Starosta jeleniogórski, Jacek Włodyga tłumaczył, że jego działania będą zmierzały w kierunku przekazania przychodni Karpaczowi. Wyjaśnił, że w tej sprawie kontaktuje się z burmistrzem miasta. Istotne jest bowiem, żeby powiat zyskał na transakcji. – Jako starosta muszę dbać o interesy wszystkich gmin, które należą do powiatu jeleniogórskiego, a nie jednej – mówi Jacek Włodyga.
Z nieoficjalnych rozmów wynika, że rozwiązaniem w tej sprawie byłoby wprowadzenie zmian w działalność schroniska Liczyrzepa, które miasto Karpacz przekazało powiatowi, jako darowiznę. Obecnie nie przynosi ono zysków. Zmieniłoby się to, gdyby budynek stał się obiektem typowo hotelarskim. W tej sprawie w najbliższym czasie będą toczyć się rozmowy.

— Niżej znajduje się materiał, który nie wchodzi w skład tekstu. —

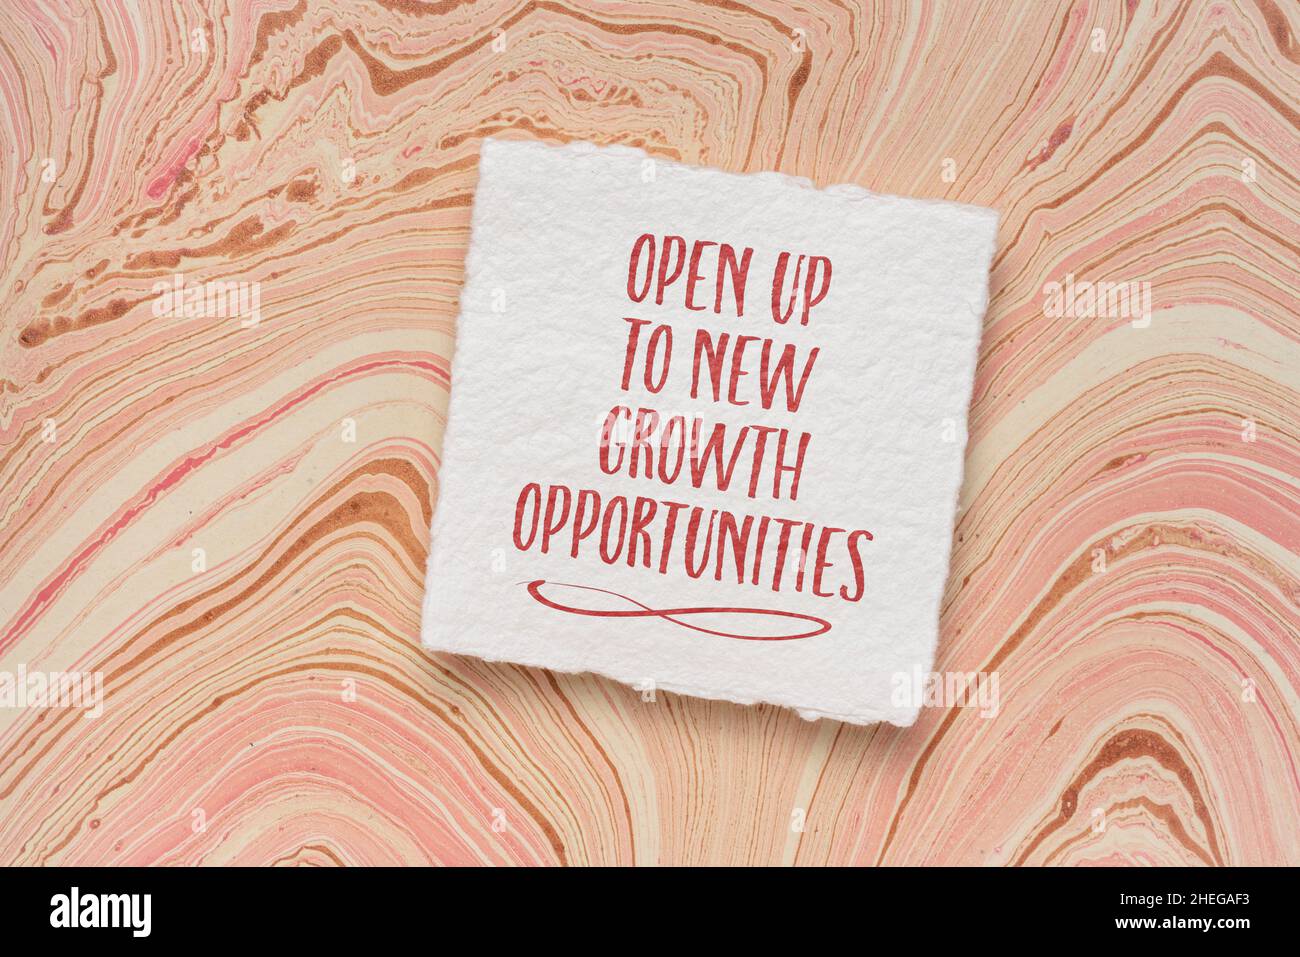 Eröffnen Sie sich neue Wachstumschancen – inspirierende Handschrift auf Aquarellpapier, Karriere, Livemiefyle und persönliches Entwicklungskonzept Stockfoto
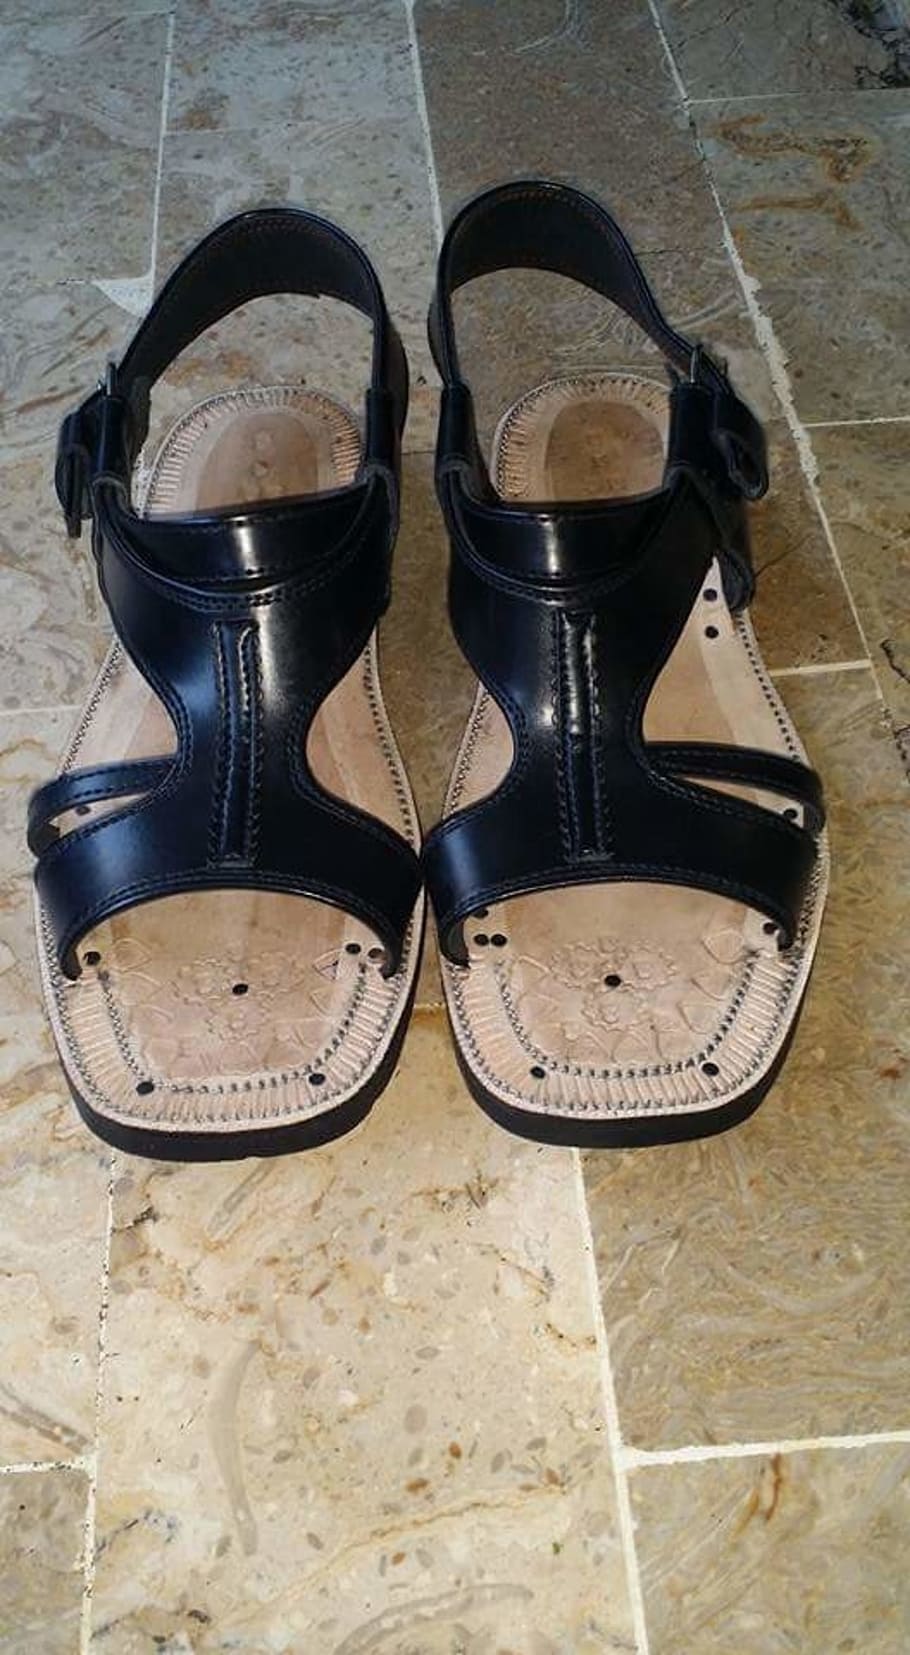 sandalias, negro, cuero, zapatos, calzado, zapato, par, bodegón, interiores, dos objetos

We wczorajszej sesji nadzwyczajnej uczestniczyli radni Karpacza. – Najważniejsza jest lokalizacja przychodni, do której przyzwyczajeni są wszyscy mieszkańcy. Obiekt znajduje się niedaleko od centrum i bez problemu można do niego dojechać – mówili radni. Samorządowcy zagwarantowali także, że są w stanie przeprowadzić remont budynku, który obecnie jest w fatalnym stanie.
O tym, czy karpaczanie faktycznie wywalczą swoją przychodnię dowiemy się w przyszłym roku. Szansa jest jednak duża, bo obecnie popierają ich zarówno radni z klubu PiS, jak i pozostali samorządowcy oraz zarząd powiatu.
Nie przyjęto jednak uchwały, dzięki której władze powiatu miały wyrazić wolę oddania obiektu miastu jako darowizny. Większość rajców uznała bowiem, że jest ona niezgodna z prawem. Inne zdanie na ten temat mają członkowie Prawa i Sprawiedliwości. Według nich nie została uchwalona, ponieważ była to ich inicjatywa, a nie pozostałych samorządowców.